Even if training succeeds, inference might output repetitive gibberish due to invisible tokenizer conflicts.

Llama 3 is a significant architectural step up from Llama 2, but it introduces specific sensitivities regarding tokenization and numerical stability. This guide details exactly how to resolve the three most common blockers in modern fine-tuning pipelines using Unsloth, PyTorch, and QLoRA.

1. Solving "Phantom" CUDA OOM Errors

Many engineers encounter OOM (Out of Memory) errors even when the calculated model size suggests they have plenty of VRAM headroom. This is rarely a capacity issue; it is usually an allocation efficiency issue.

The Root Cause: Memory Fragmentation and Activation Overheads

Standard Hugging Face AutoModel loading, even with bitsandbytes, often fragments GPU memory during the initial sharding process. Furthermore, the standard PyTorch implementation of Flash Attention 2 or SDPA (Scaled Dot Product Attention) can spike memory usage during the backward pass if gradient checkpointing isn't strictly optimized.

The overhead isn't the weights (which are small in 4-bit); it's the optimizer states and gradients stored in full precision (float32), coupled with the activations stored for backpropagation.

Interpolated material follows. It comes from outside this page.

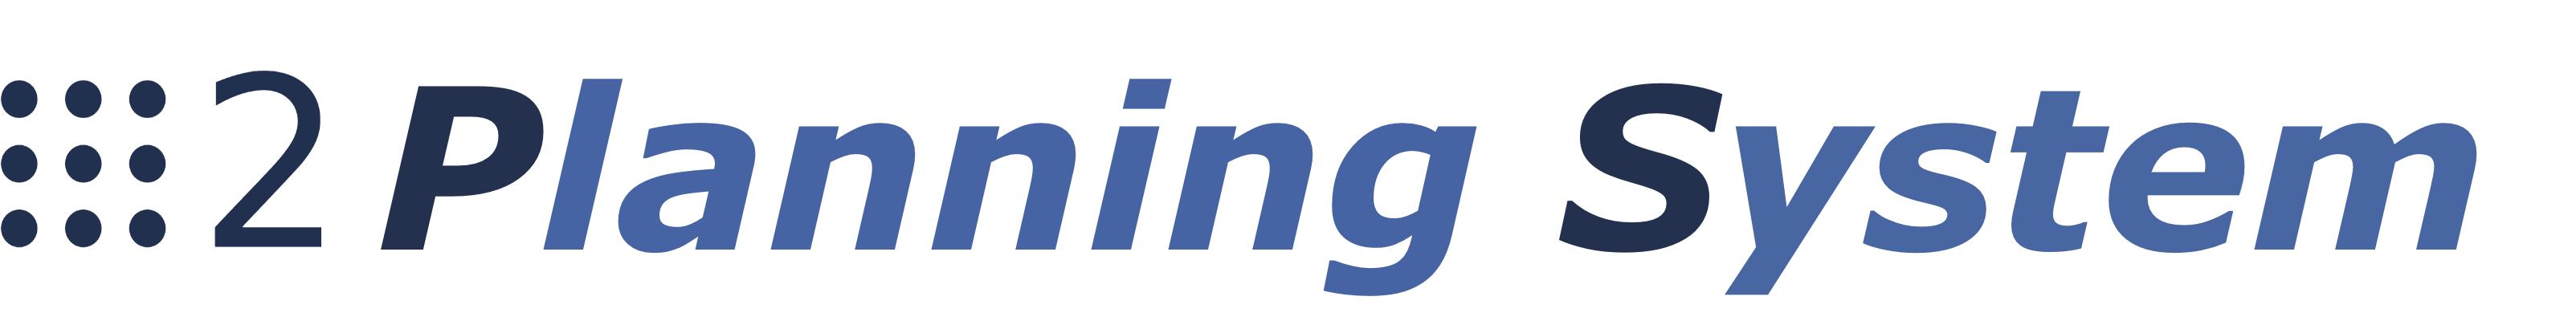 PlanSys2 Logo

The Fix: Unsloth Optimized Loading & Gradient Accumulation

We use Unsloth's FastLanguageModel loader. It rewrites the RoPE (Rotary Positional Embeddings) and MLP kernels to reduce peak memory usage by up to 30% compared to standard HF implementations.

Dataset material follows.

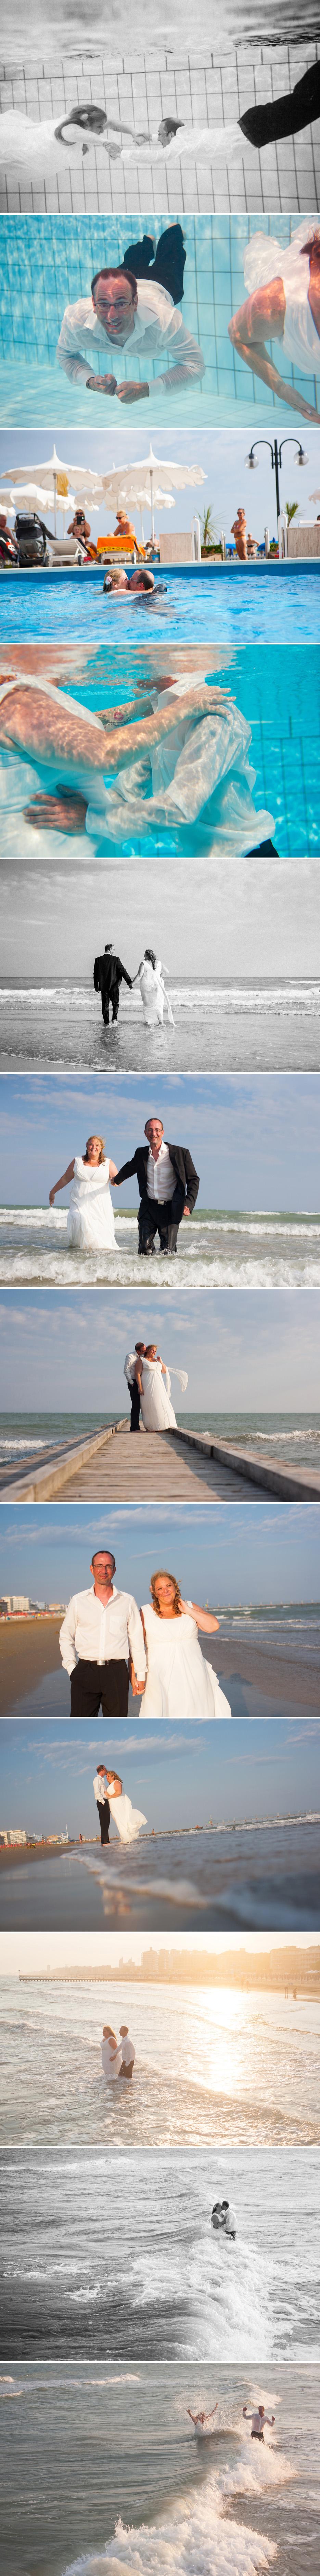 trash the dress venezia, servizio fotografico venezia. © Michele Agostinis

We must also balance batch_size against gradient_accumulation_steps.

Implementation:

import torch
from unsloth import FastLanguageModel

# Configuration
max_seq_length = 2048 # Llama 3 supports 8k, but 2k fits 4090s comfortably
dtype = None # Auto-detects (Float16 for Tesla T4, Bfloat16 for Ampere+)
load_in_4bit = True # Essential for QLoRA

model, tokenizer = FastLanguageModel.from_pretrained(
    model_name = "unsloth/llama-3-8b-bnb-4bit",
    max_seq_length = max_seq_length,
    dtype = dtype,
    load_in_4bit = load_in_4bit,
    # Fixes fragmentation during loading
    device_map = "auto", 
)

# Apply LoRA adapters with memory-efficient settings
model = FastLanguageModel.get_peft_model(
    model,
    r = 16, 
    target_modules = ["q_proj", "k_proj", "v_proj", "o_proj",
                      "gate_proj", "up_proj", "down_proj"],
    lora_alpha = 16,
    lora_dropout = 0, # Set to 0 for Unsloth optimization
    bias = "none",
    use_gradient_checkpointing = "unsloth", # CRITICAL: Uses specialized kernels
    random_state = 3407,
    use_rslora = False,
    loftq_config = None,
)

Why this works: Setting use_gradient_checkpointing="unsloth" offloads activation re-computation to optimized kernels rather than generic PyTorch hooks. If you still OOM, halve your per_device_train_batch_size and double your gradient_accumulation_steps in your training arguments.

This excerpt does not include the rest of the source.